** Data block follows **
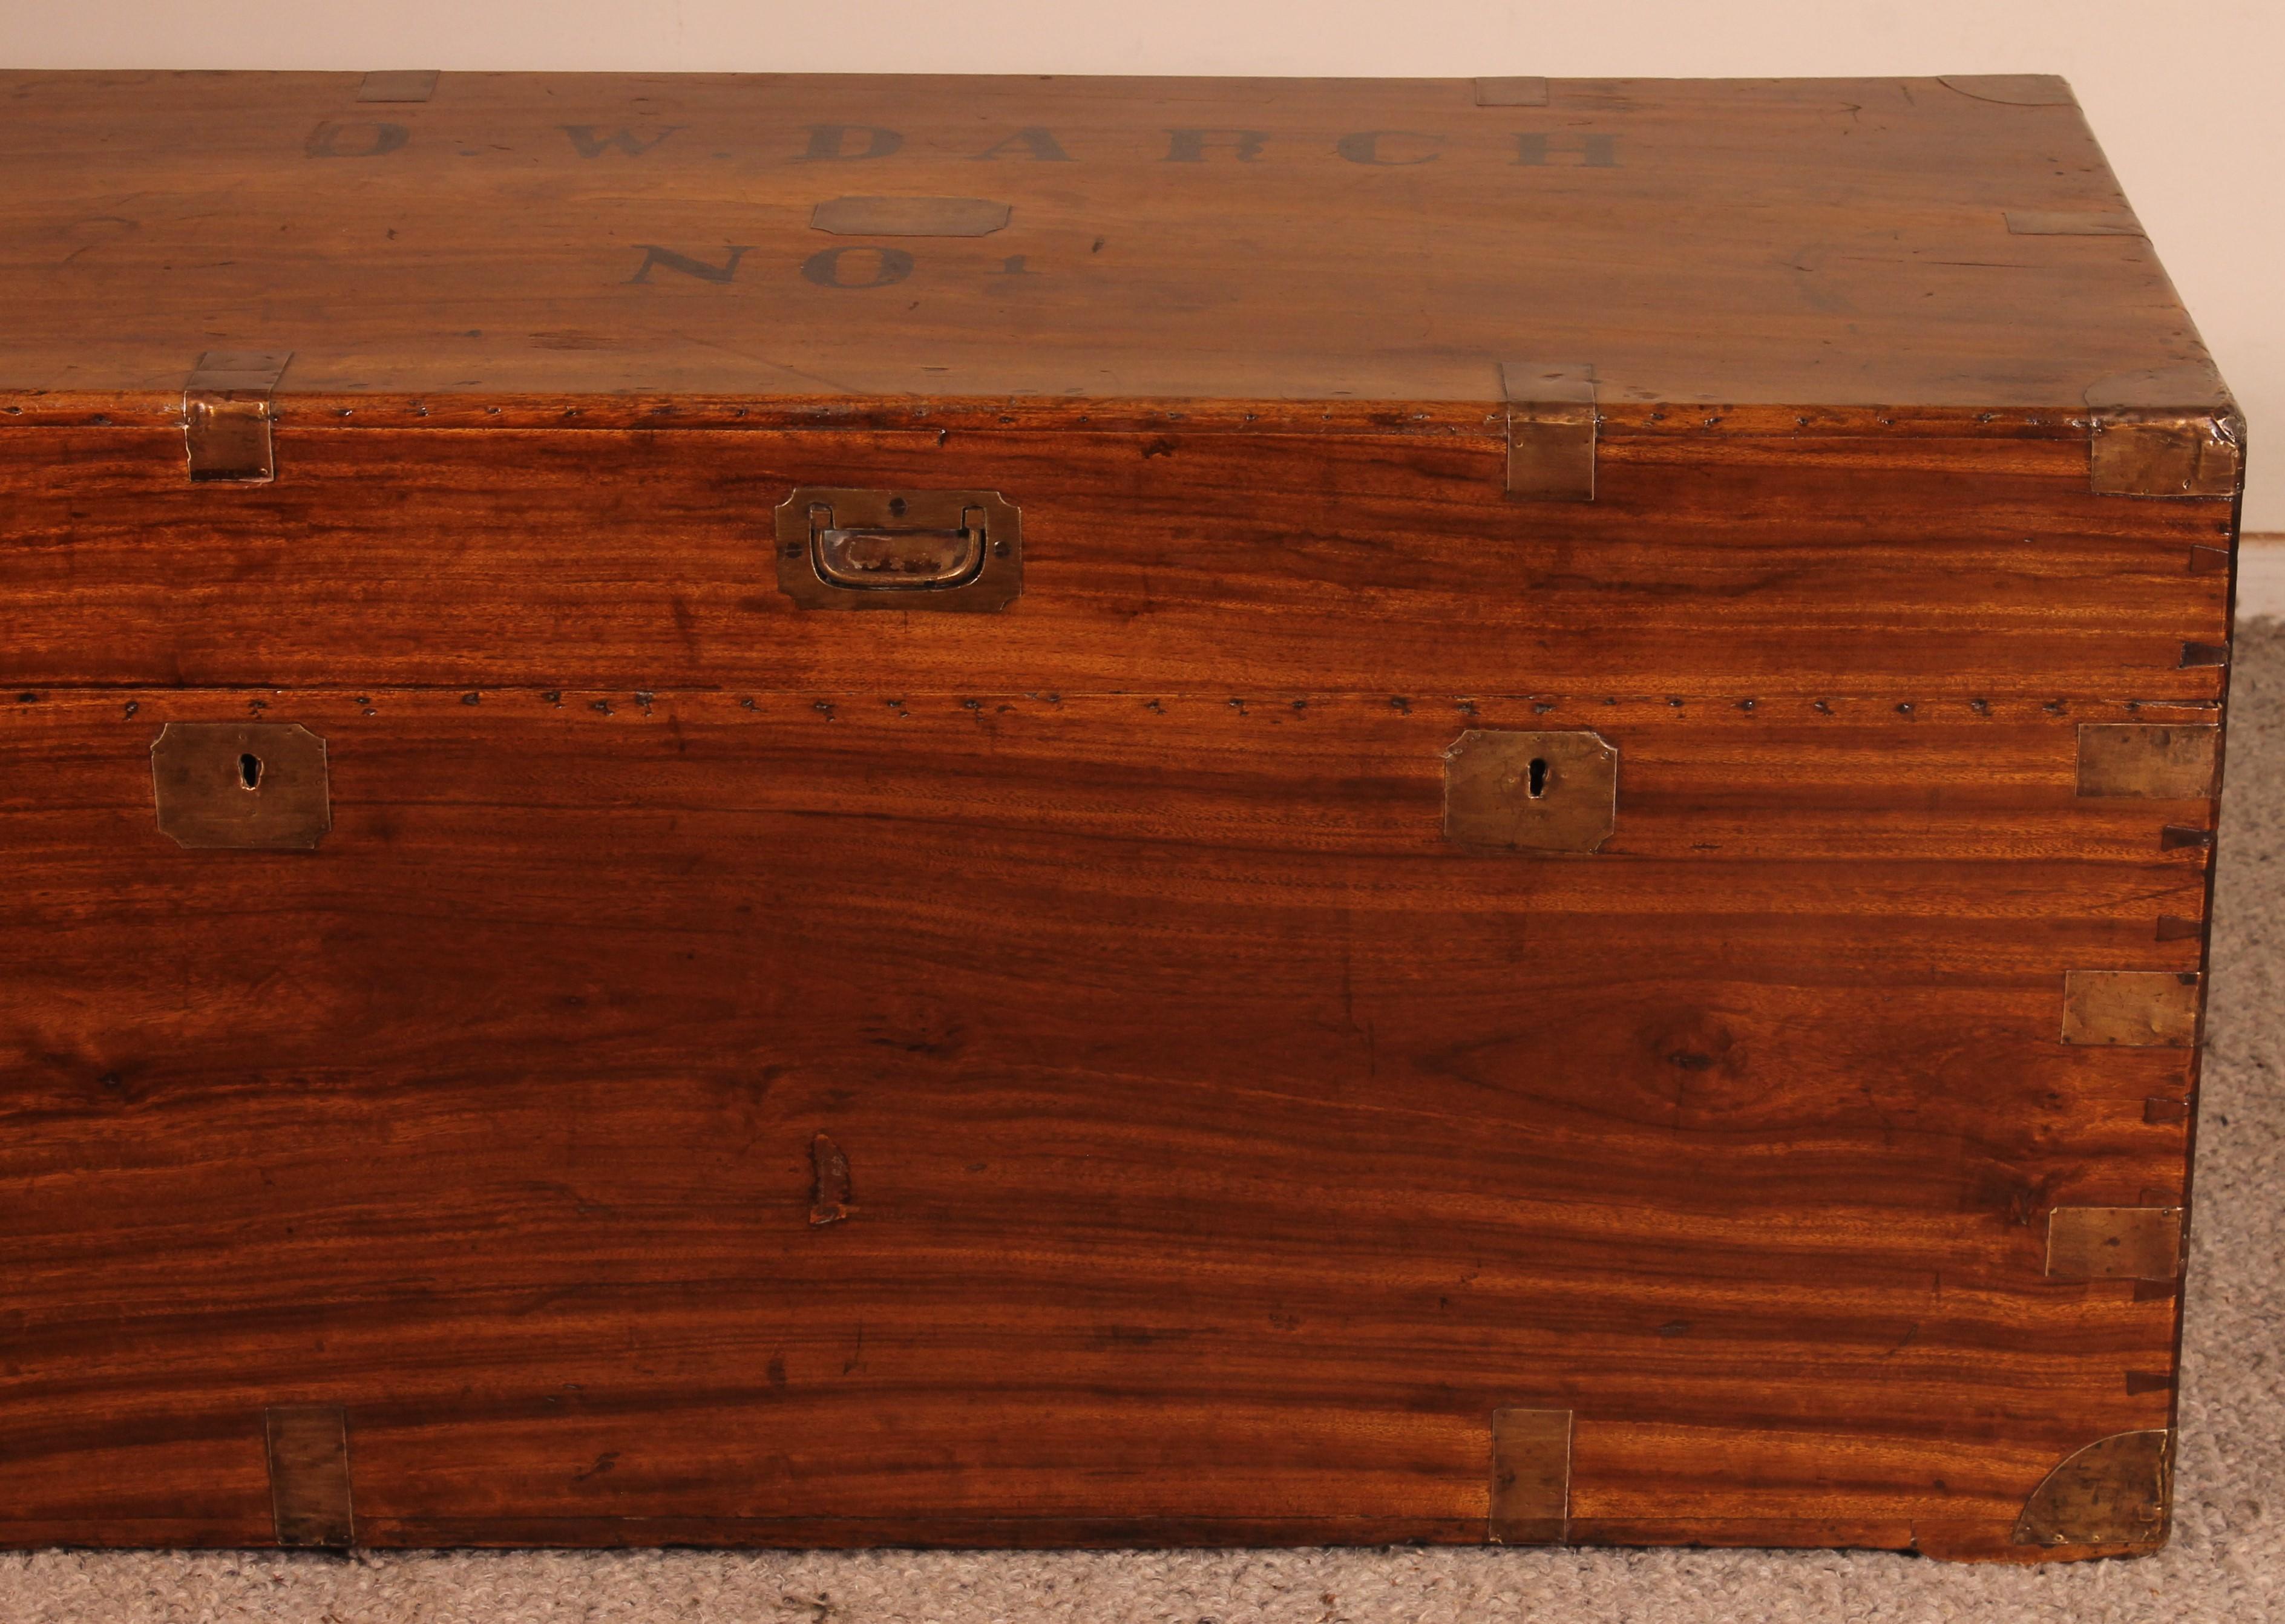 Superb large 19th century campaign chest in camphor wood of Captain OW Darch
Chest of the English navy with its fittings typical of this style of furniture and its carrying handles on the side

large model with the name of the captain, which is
** End of Data block **
## Exercise instructions
Please copy the line that holds "Chest of the" and each line under it through the last line above, exactly as they stand, adding nothing.

## Answer below
Chest of the English navy with its fittings typical of this style of furniture and its carrying handles on the side

large model with the name of the captain, which is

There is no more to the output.